I graduated in May of 1950 and was working for Arizona Maintenance on their production line making evaporative coolers when "E" Company was called up. I had never attended a summer camp.
I didn't have much preparing to do before we left, not like some of the guys that were married. All I remember is saying my good-byes at the train station and taking off with the rest of the company.
When we got to Camp Pendleton and "E" Company was disbanded, I wound up in the supply depot, packing equipment headed for Korea. Then I was sent to "Tin-Camp-Two" for infantry training. I was never sent to San Diego for boot training, even though I had no previous service, or for that matter, any other kind of military training. Maybe their train of thought was that if you didn't know what was coming, you wouldn't be afraid. As for esprit de corps, I must have gotten it through osmosis.
After they had made a Marine out of me, we shipped out of San Diego for about a twenty-one day trip, finally landing in Pusan, Korea. It was the latter part of May 1951 when I was assigned to the battle line with the 11th Marines, an artillery outfit. I was a wireman. My job was to string communication wire between the battery and the forward observer.

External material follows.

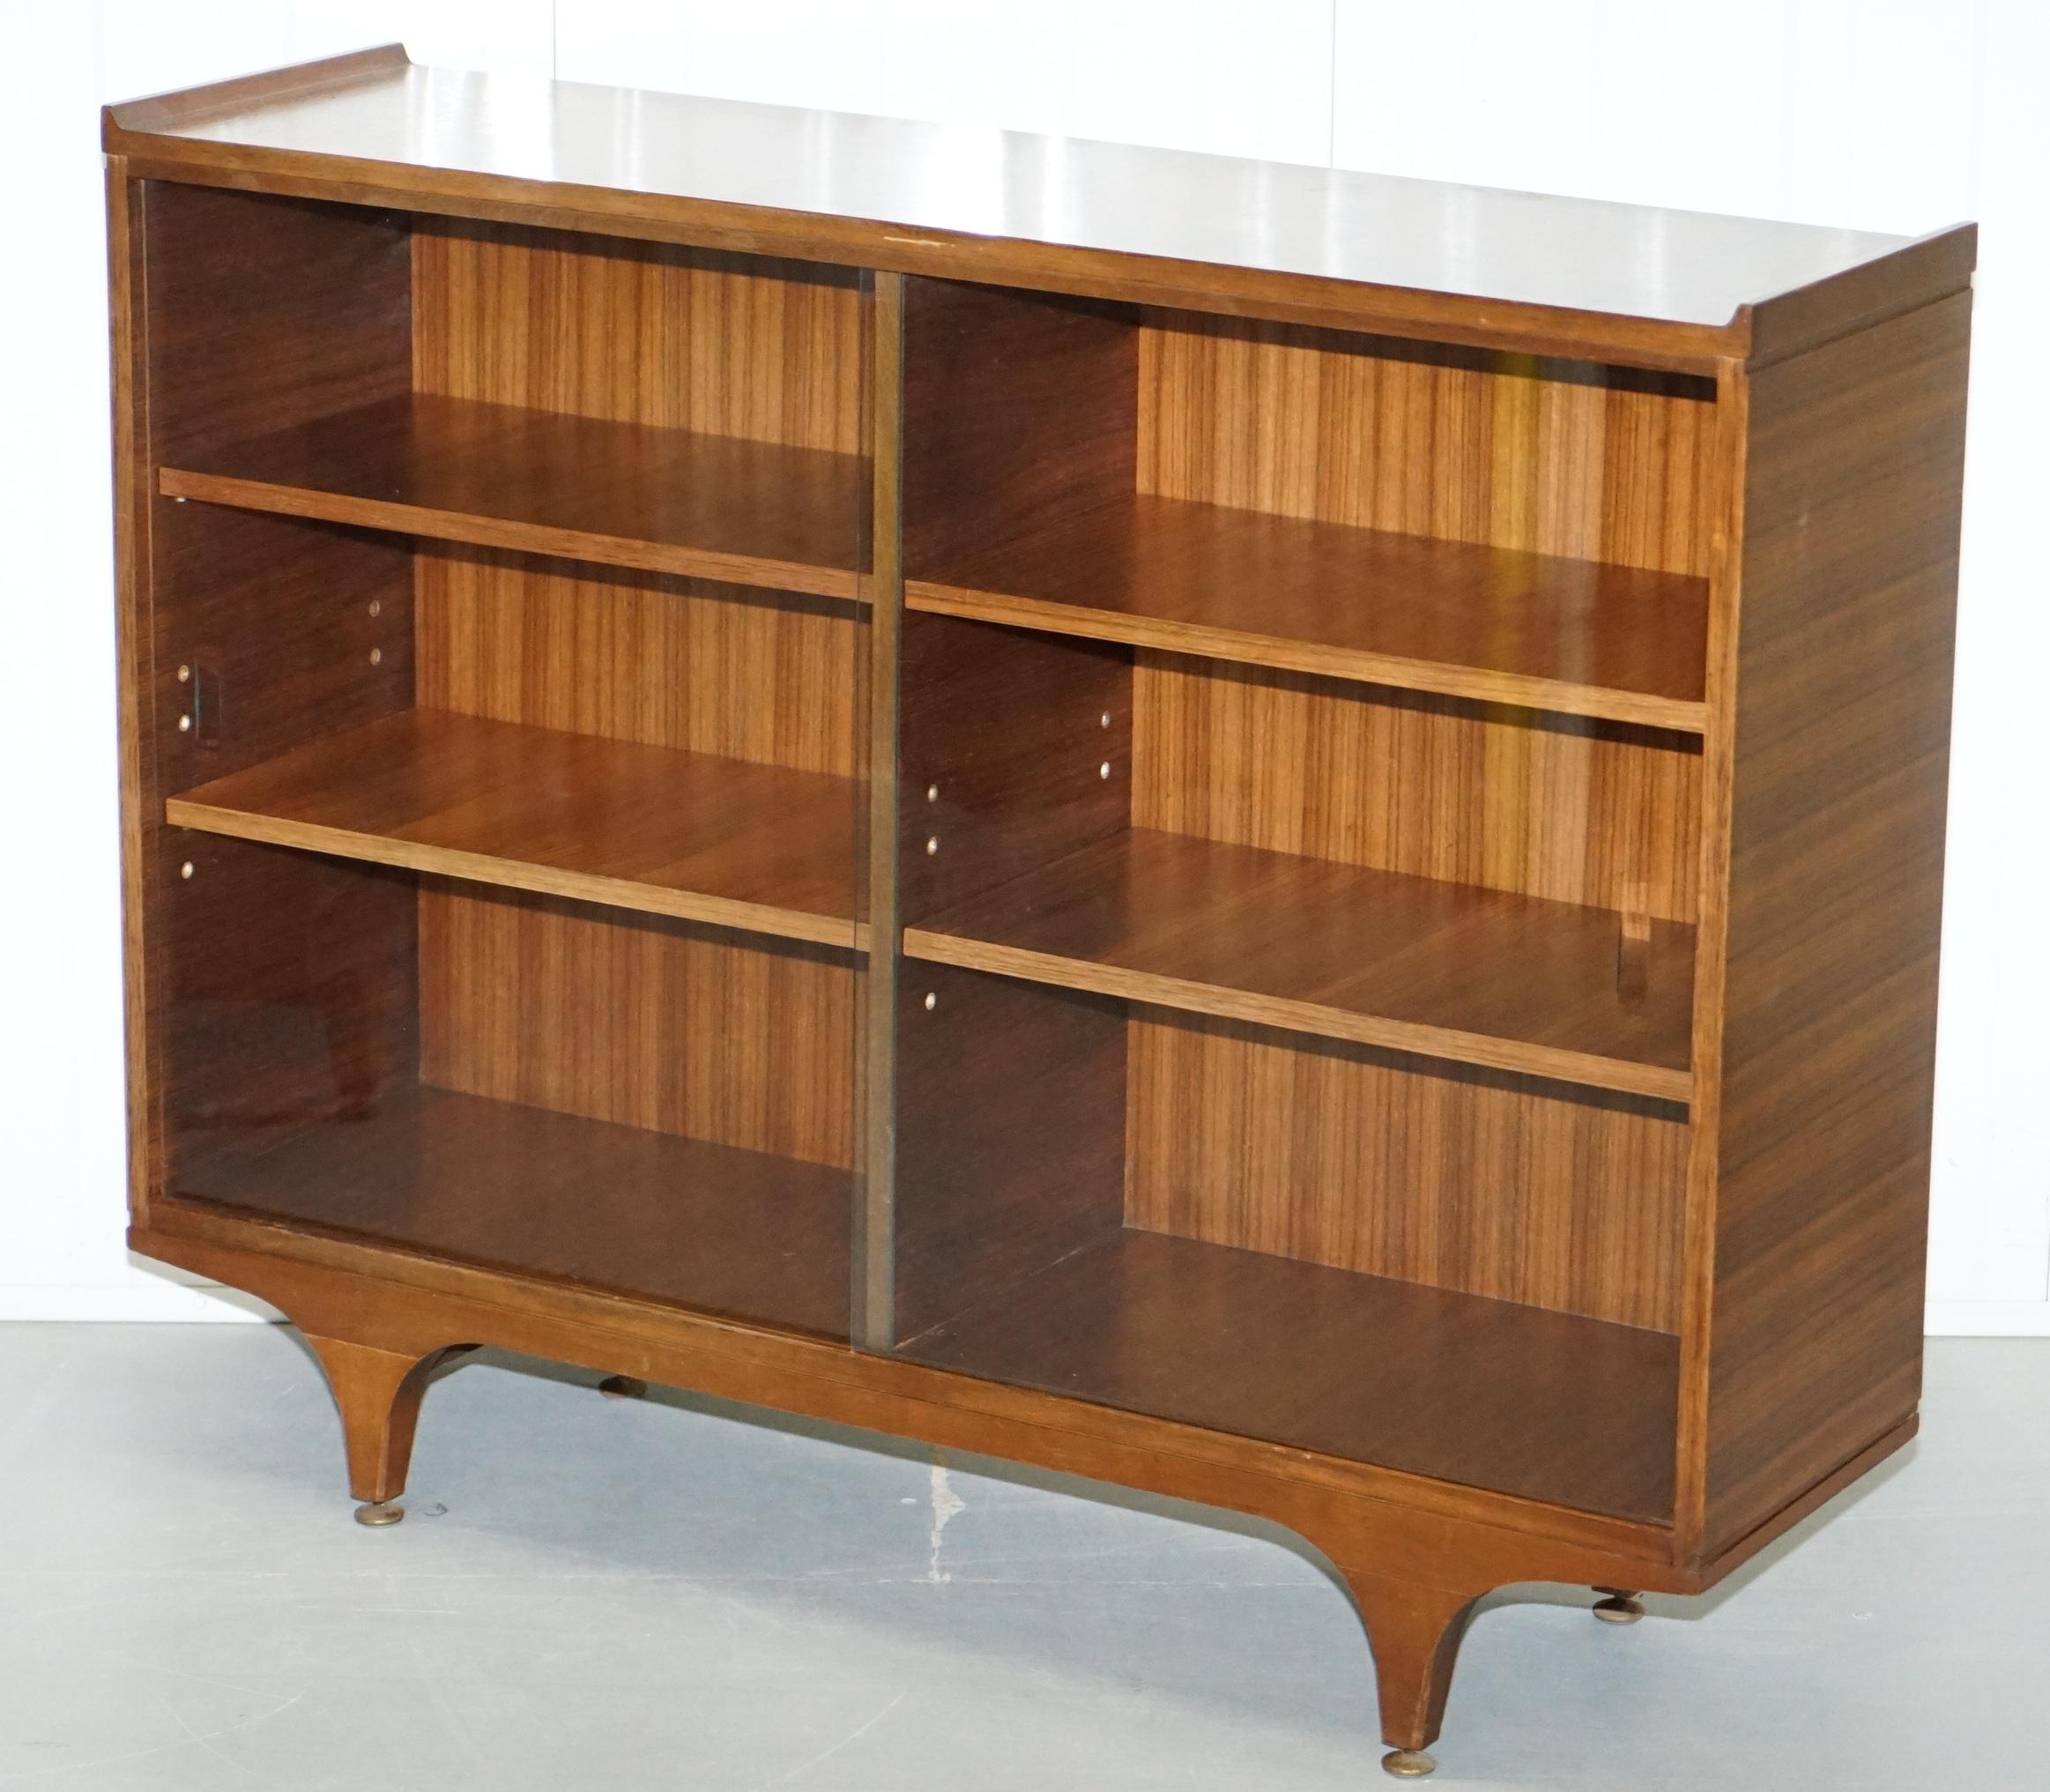 We are delighted to offer for sale this lovely pair of Mid-Century Modern teak bookcases with height adjustable shelves and glass sliding doors

A very good looking and well made paid, the legs are very stylish and sculptural, the shelves are

I didn't get to see much front-line action but there were a few incidents that stuck in my mind. I was on a wire-stringing detail once, when we came upon an area where some Marines had been brought down from battle. There must have been about twenty-five or thirty dead, laid out on stretchers, covered with their ponchos. That shook me up some.
Oscar Quiroz from Tucson, although not from "E" Company, came as a replacement to join my outfit. He is "Botete's" (Robert Quiroz') brother. He was fifty to seventy yards from me when he was wounded by an in coming shell. He had already been evacuated a half hour before I found out he was hit. I didn't get to see him again until we were back in San Diego.
In the beginning, we were kept pretty busy because we kept moving the guns forward but later on, when the front lines stabilized, we had more time on our hands. I got to see a few of the guys from Tucson. Gasper Eldridge, Rudy McKenzie, Eddie Lovio, Freddie Grijalva and Tony Canez were some of the "E" Company guys I ran into. I remember being at a rest area by a river where the water was crystal clear, a first for me. It was really pretty. Gasper broke out his guitar and a large group gathered to hear us sing. There must have been at least ten of us from Tucson. Gasper was a fantastic guitarist! What a great morale booster!
There were some bad times and some good times in Korea. Hearing that your friends and buddies had been wounded or killed was always sad but there was always joy in running into someone from home that you knew. All in all, I would say that 90% of the people I met over there were nice people, people you could be friendly with.
The last three months I was in Korea were kind of easy, as long as you didn't step on any mines. We had three or four wounded by them. The chow wasn't bad. In the beginning, we had one hot meal a day and "C" rations. Towards the end of my tour, we were having three hot meals day.
I was sent home in March of 1952 on the same ship that I came in - the General William Weevel. I was there almost eleven months before returning to San Diego. We were given a physical examination and mustered out in about ten days.
Once back in Tucson, I went back to work for my old boss and started an apprenticeship in sheet-metal working under the G.I. Bill. I married Bertha Suarez and worked for three or four sheet-metal contractors, built a nice house in Menlo Park area and started raising a family. Then work got scarce. In 1964, 1 had to sell my house and move to California where work was available.
I bought a house in Riverside, California, where we raised three boys and two girls. I worked at my trade for forty years. The opportunities were there for work. The weather was good, not too hot, but I missed Tucson. I'll probably never move back. My kids are all rooted in California. Unusual, but my three boys followed my trade. They are all journeymen sheet-metal workers. One of my girls is in marketing kitchen equipment. The other works for an investment company in Los Angeles. My wife never pushed me about moving back. She likes it out there. She's still working for a school district as an instructional aide.
All in all, we've made a good life for ourselves. Belonging to the union all these years paid off. I have a good pension. We're not rich but we are living comfortably.
We've traveled a little bit - to the East Coast, Florida, and Washington D.C., where we visited the Korean War Memorial. Impressive!
I've never regretted having been in the Marine Corps. It taught me a lot: discipline, getting along with other people and appreciating the gift of life.